I think it’s a pretty tough call on which is worse – physical or emotional cheating. Physical is an intimacy with another person while telling your partner, to whom you may be married, sharing a home, a child, etc… that you love him/her. Emotional, you are betraying the underlying relationship you have with your partner by seeking love/support from someone else. Both are a betrayal of the heart, no matter how you shake it down.
Love the blog!
SJ
I feel that regardless if it is emotional or physical, it still is cheating. A few years ago I started to like another guy while I was dating my boyfriend, and he started to figure it out (how I have no idea.) I was 17 at the time and have matured SO much since then. I saw how much that hurt him and how badly it disrupted our relationship at the time.
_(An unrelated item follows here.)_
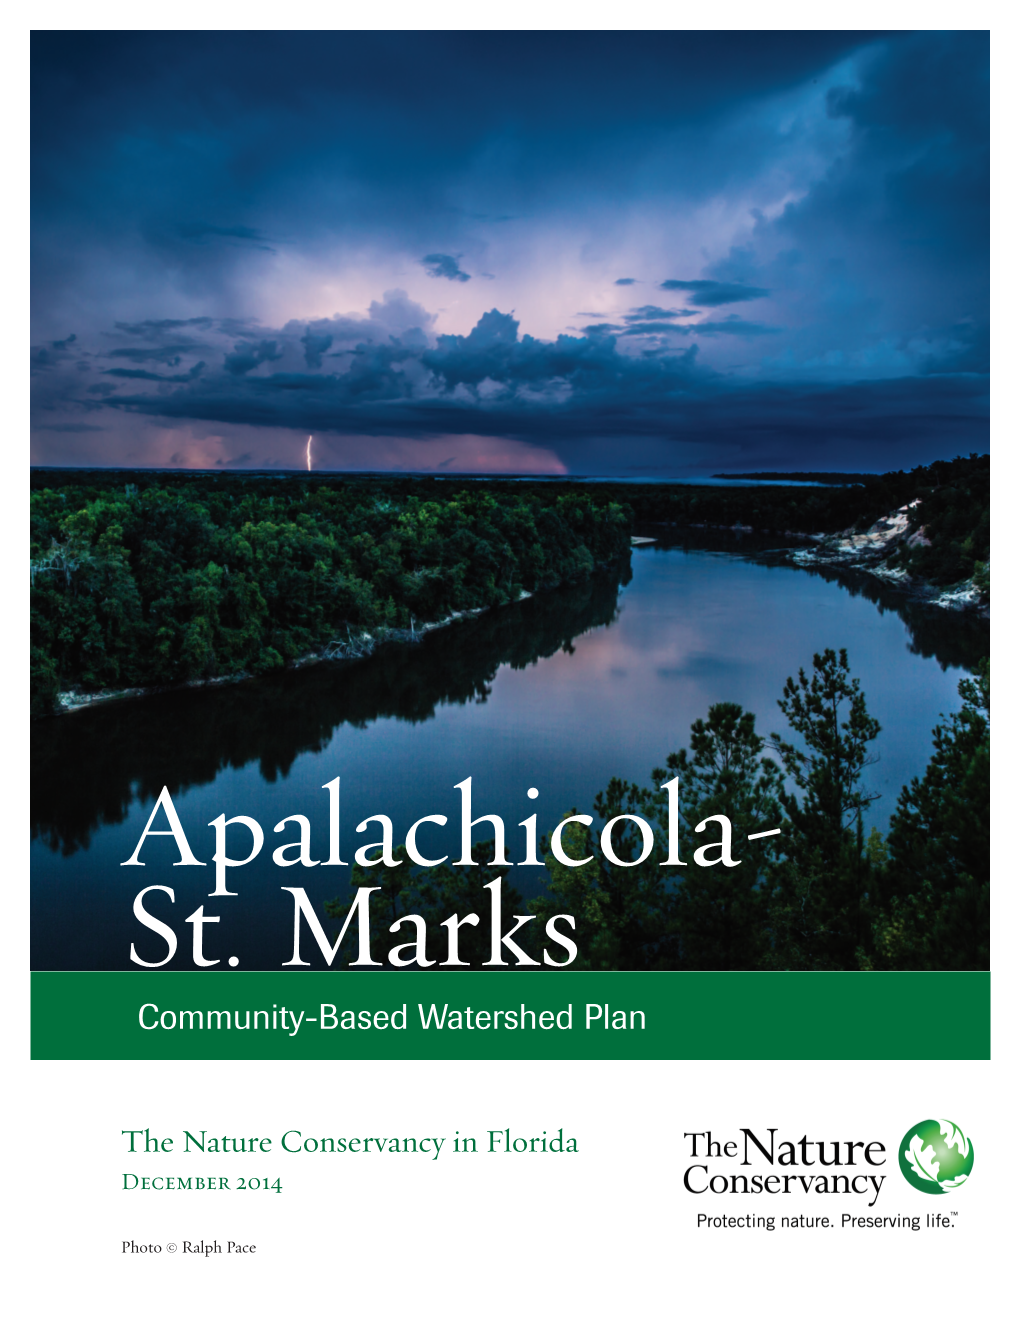 Apalachicola-St.Marks Community Based Watershed Plan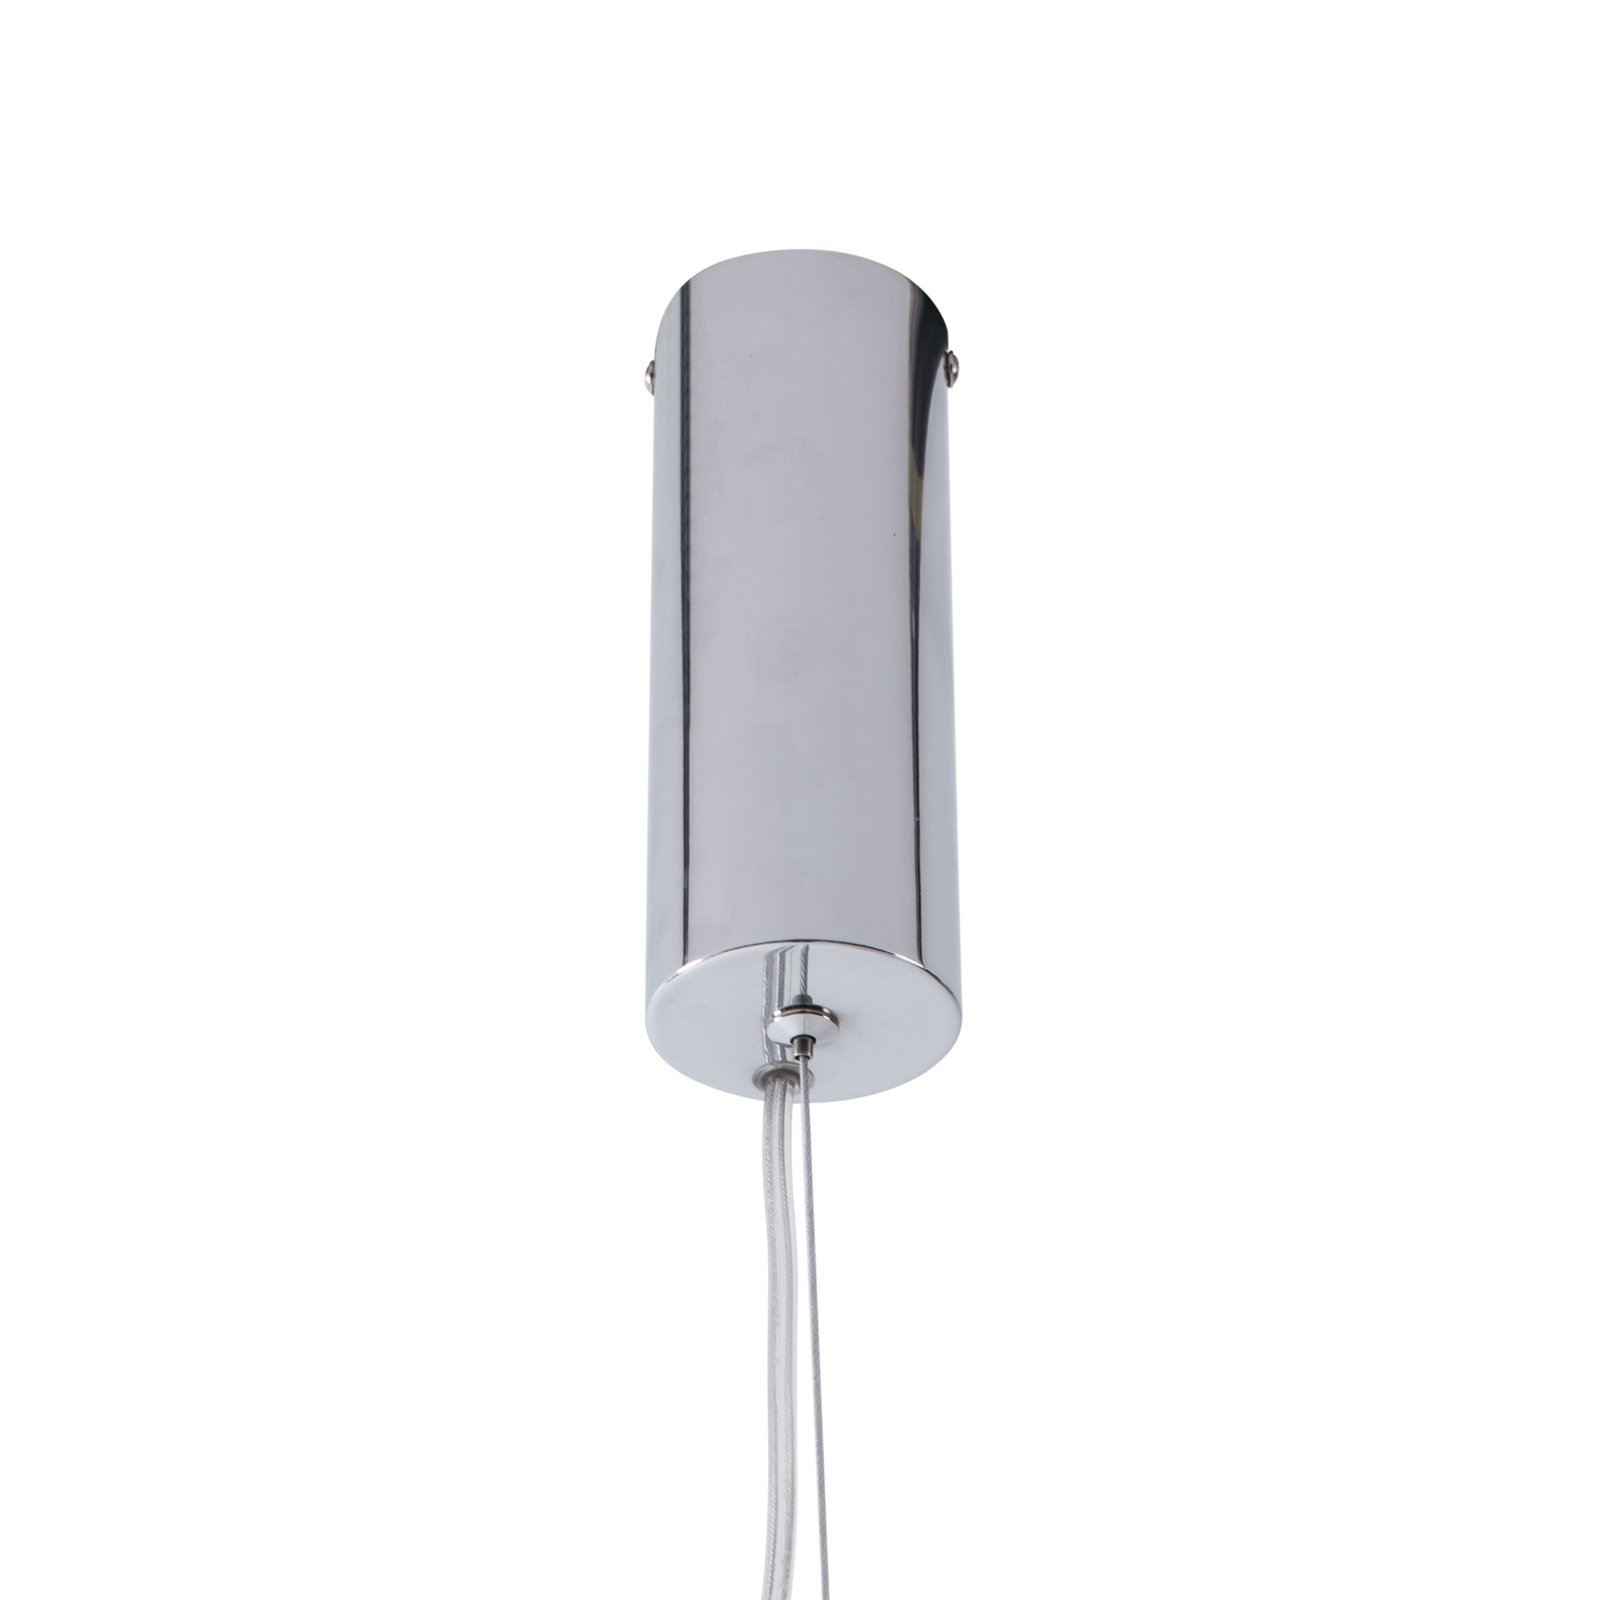 Lucande Fedra LED hanglamp met glazen kappen

I know that I would never put him through anything like that again, and if I really did start developing REAL feelings for another guy, I would break it off until I cold figure my shit out. If you are with someone, that means you are with them emotional, mentally, physically, everything. And by giving one of those away to another person on a romantic or sexual level while in a committed relationship is not only disrespectful, but in my eyes, somewhat pathetic.
Emotional affairs are cheating! Shame shame.
I have a friend that does this, she has no shame. If you are doing something you wouldn’t want your SO finding out about, then you are doing something very wrong. A flirt here or there is no big deal, but over a period of time, constantly is a no go.